Source data Start Marker

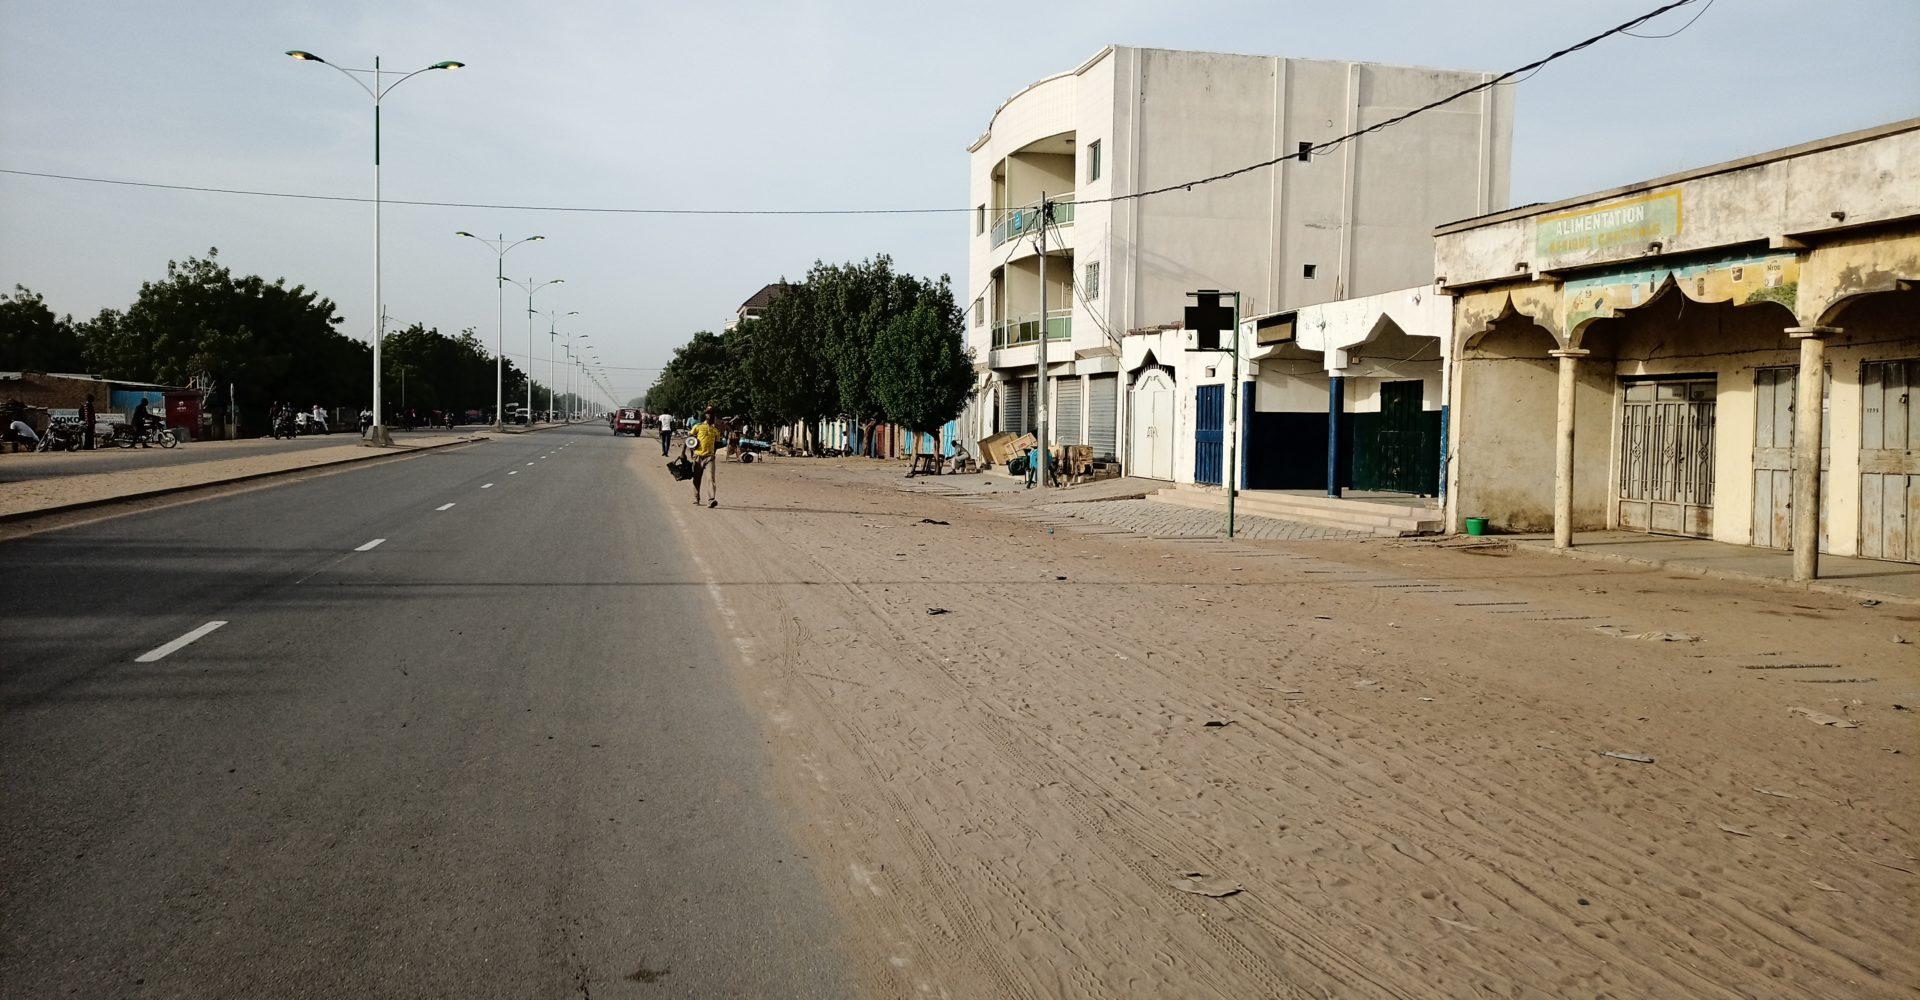 Tchad: une journée ville morte et de deuil national prévue le vendredi 30 avril 1
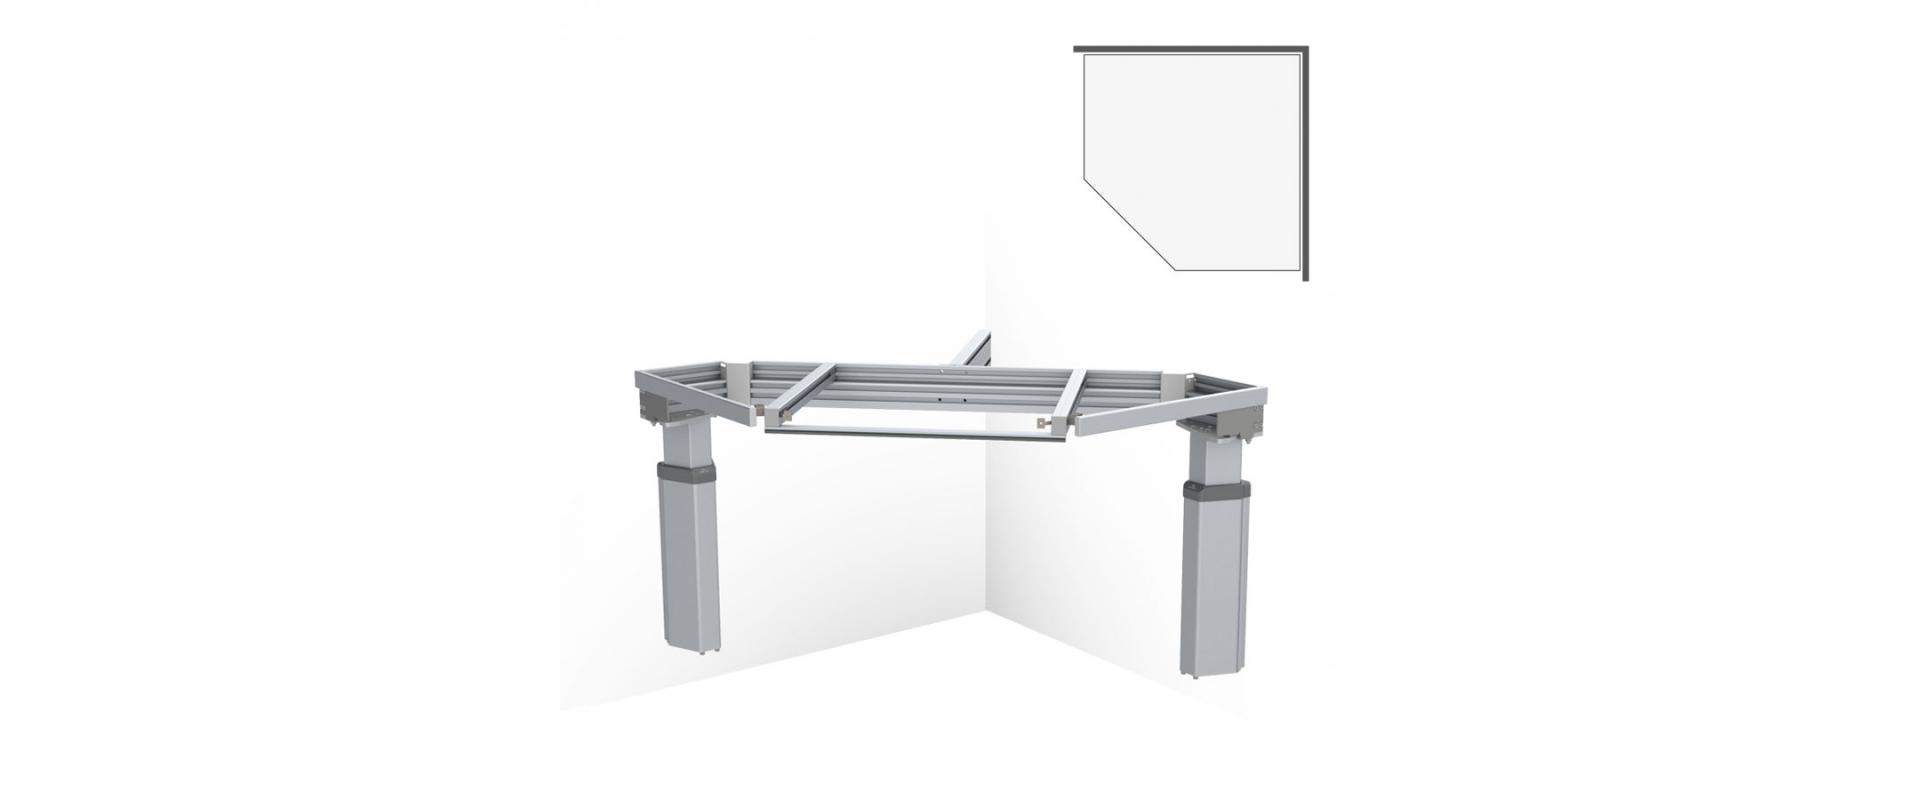 <b>BASELIFT CORNER 6301LA, 45°- 90°, wall-mounted</b>
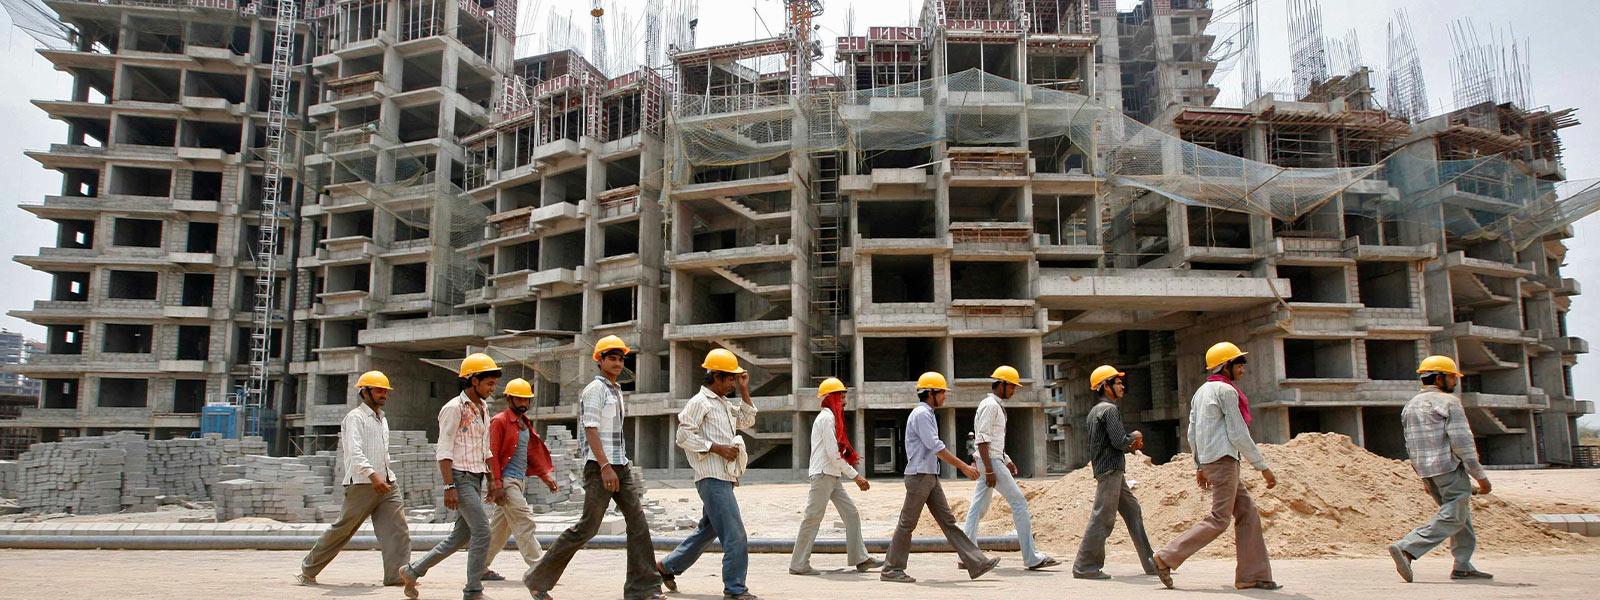 Workers walking
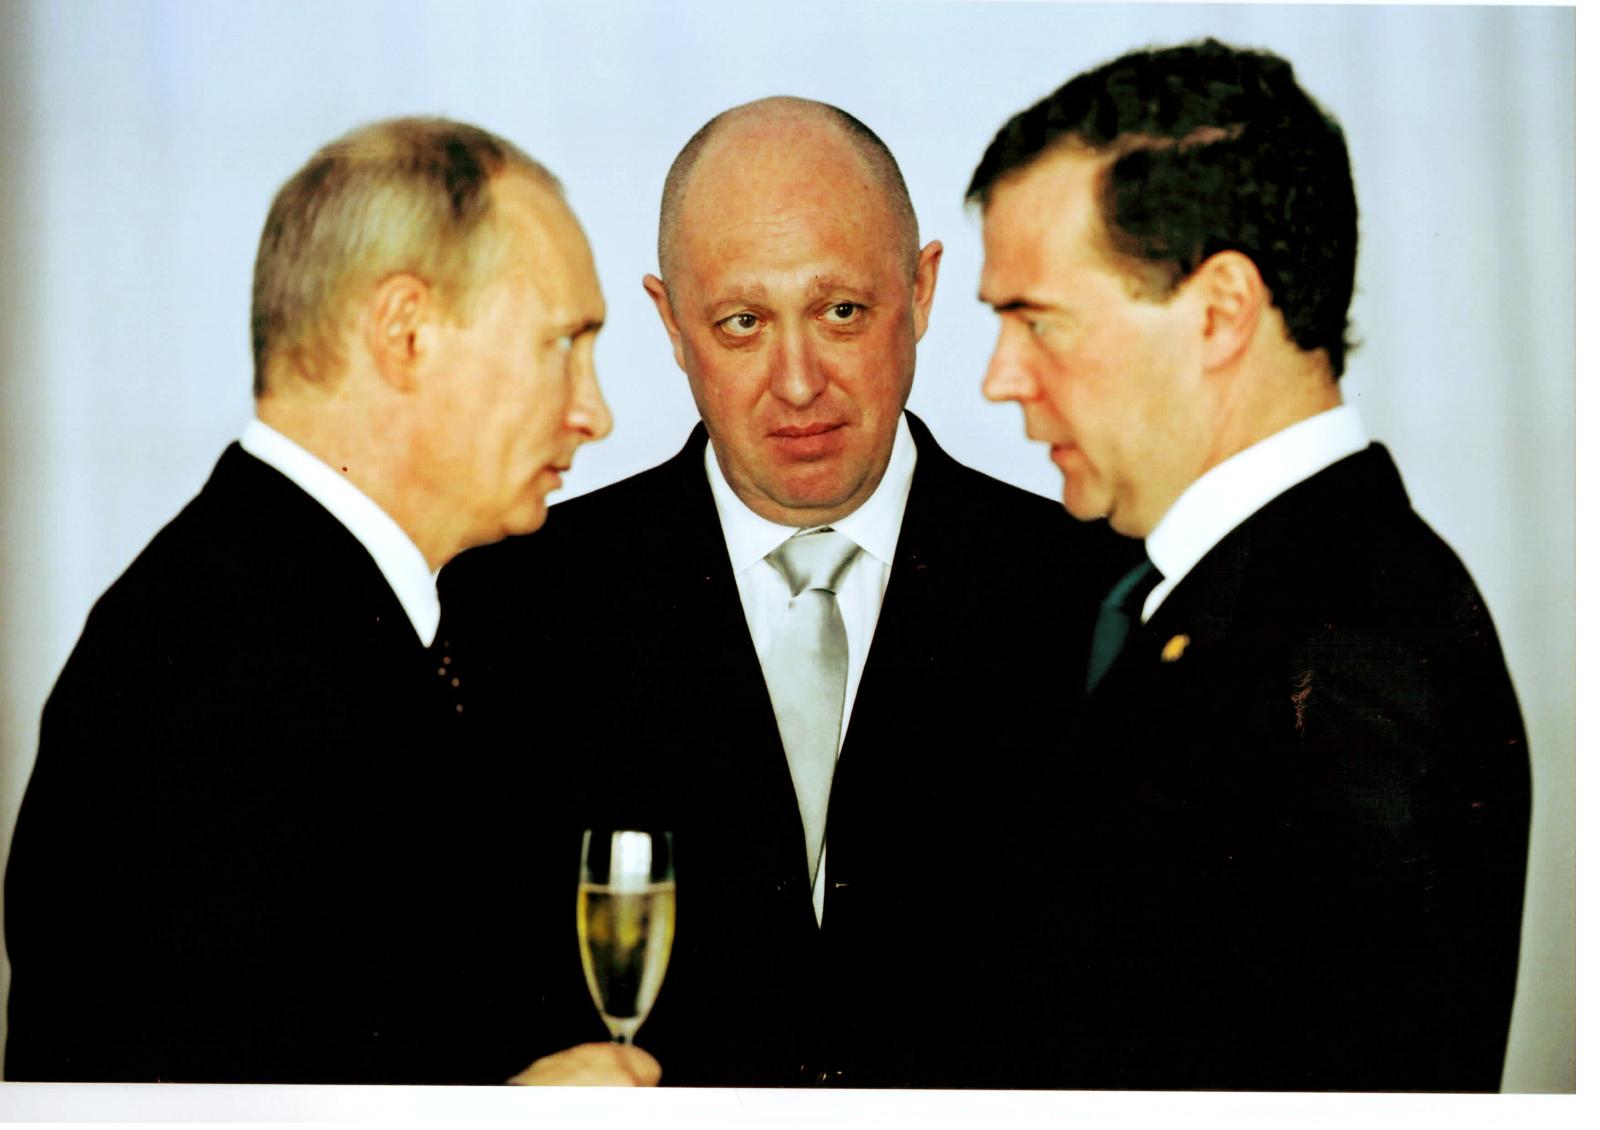 Пригожин Евгений Викторович биография и пресс-портрет.
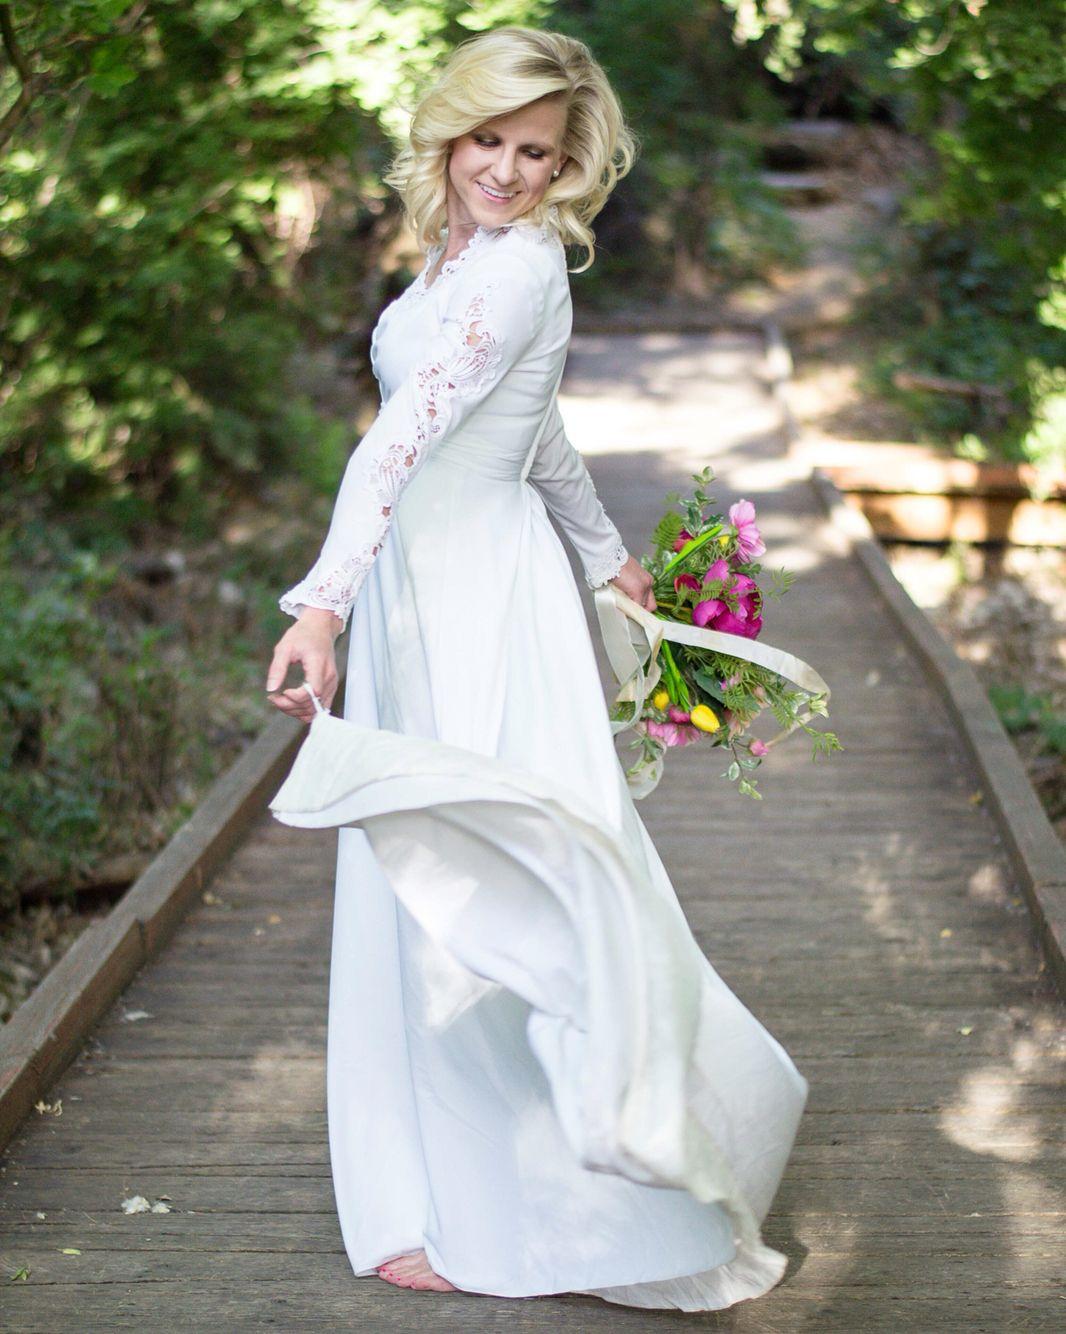 Großartig Dillards Brautkleid Zeitgenössisch - Brautkleider Ideen ...

Source data End Marker

Problem to work on ▸ Beginning with the line holding "Пригожин Евгений Викторович", copy each line exactly through the end of the records above, and leave every picture out.

Output for this exercise ▸
 Пригожин Евгений Викторович биография и пресс-портрет.
 Großartig Dillards Brautkleid Zeitgenössisch - Brautkleider Ideen ...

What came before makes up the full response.